Cité par le sélectionneur au sein d’une liste de neuf joueurs que le staff envisage de voir d’ici à la Coupe du monde 2023, le 2e ligne de Castres et ancien Toulonnais Florent Vanverberghe (21 ans, 1m95, 123kg) rêve de participer à la prochaine Coupe du monde en France. Mais le champion du monde U20 mesure aussi tout le chemin qui lui reste à accomplir pour suivre la trace de certains de ses coéquipiers chez les sélections de jeunes.

Florent Vanverberghe, comment réagit-on quand on entend son nom cité par le sélectionneur du XV de France, Fabien Galthié, parmi une liste de neuf joueurs non capés qu’il voudrait voir à l’œuvre ?

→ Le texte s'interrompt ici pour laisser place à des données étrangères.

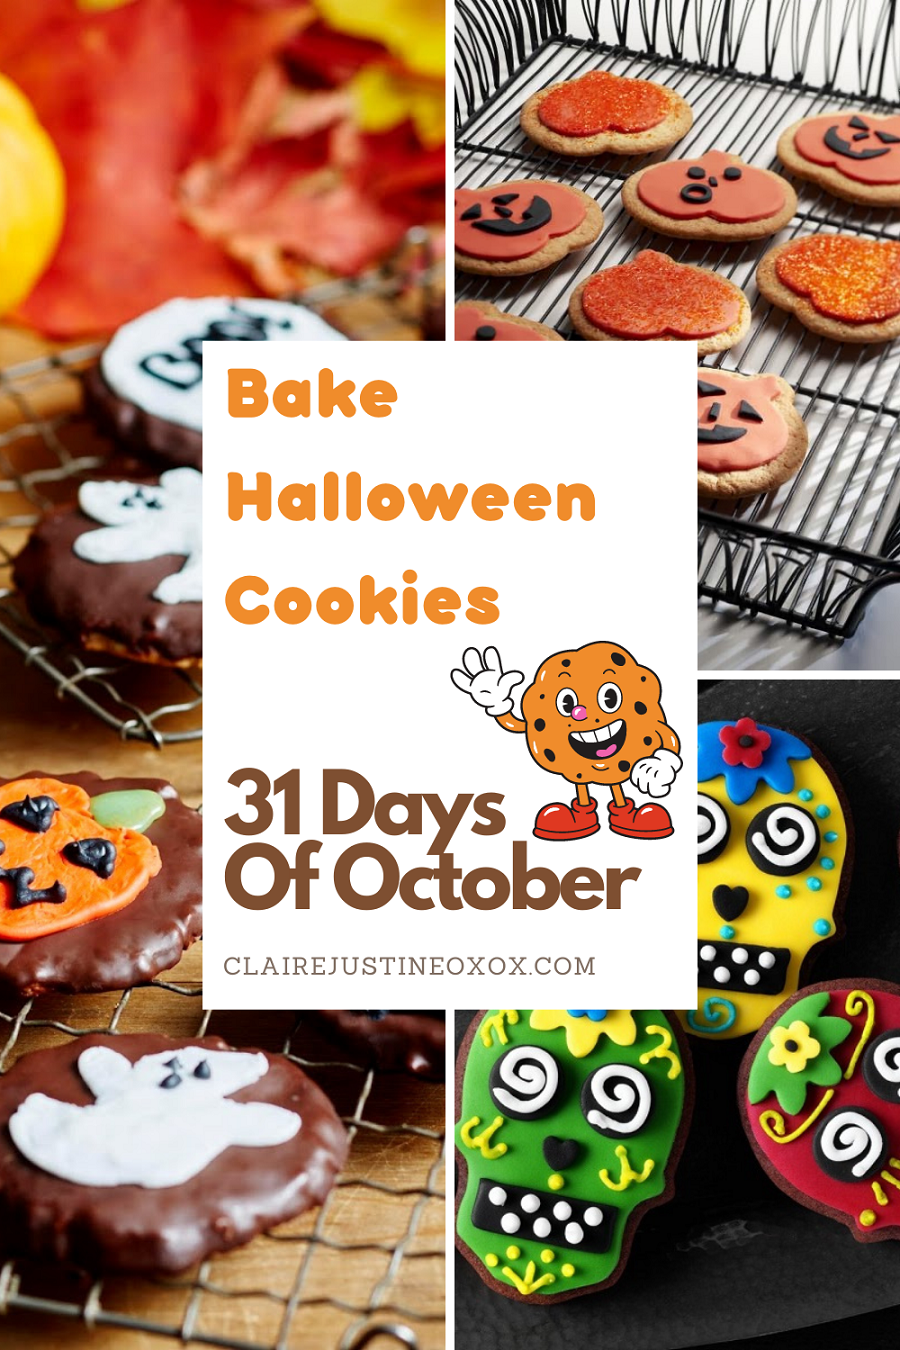 Bake Halloween Cookies: 3 Recipes To Try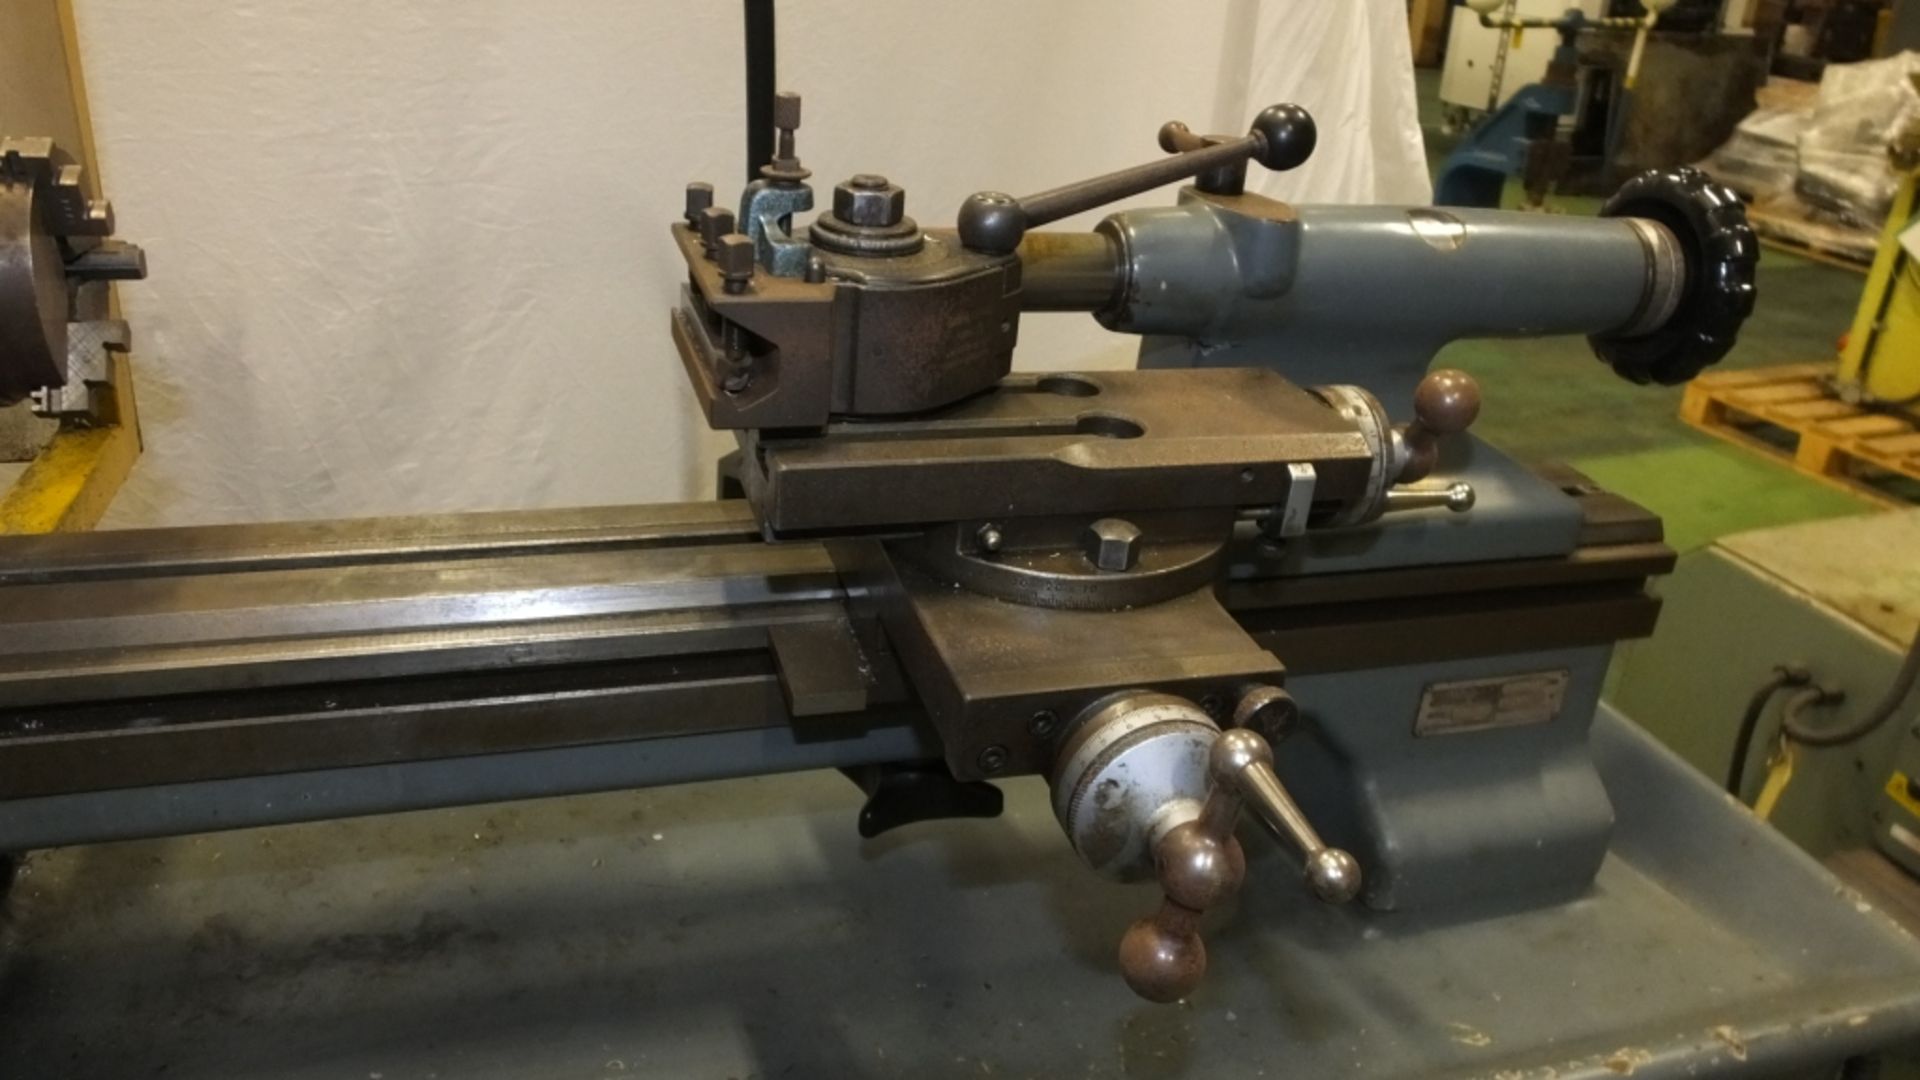 Schaublin S.A. Lathe Type 102-80 - 420V - Serial 250358 - £10 Loading Charge Applied to th - Image 3 of 15

Ça fait plaisir ! Surtout après la tournée que j’ai passée en Australie, assez délicate je vais dire (il s’est blessé à une hanche avant le premier test pour lequel il était prévu remplaçant et n’a pas joué de la tournée, ndlr). Ça fait donc plaisir de savoir que je reste quand même dans la tête du sélectionneur. Maintenant, c’est à moi de travailler dur, de montrer qu’avec le Castres Olympique, je peux retrouver l’équipe de France.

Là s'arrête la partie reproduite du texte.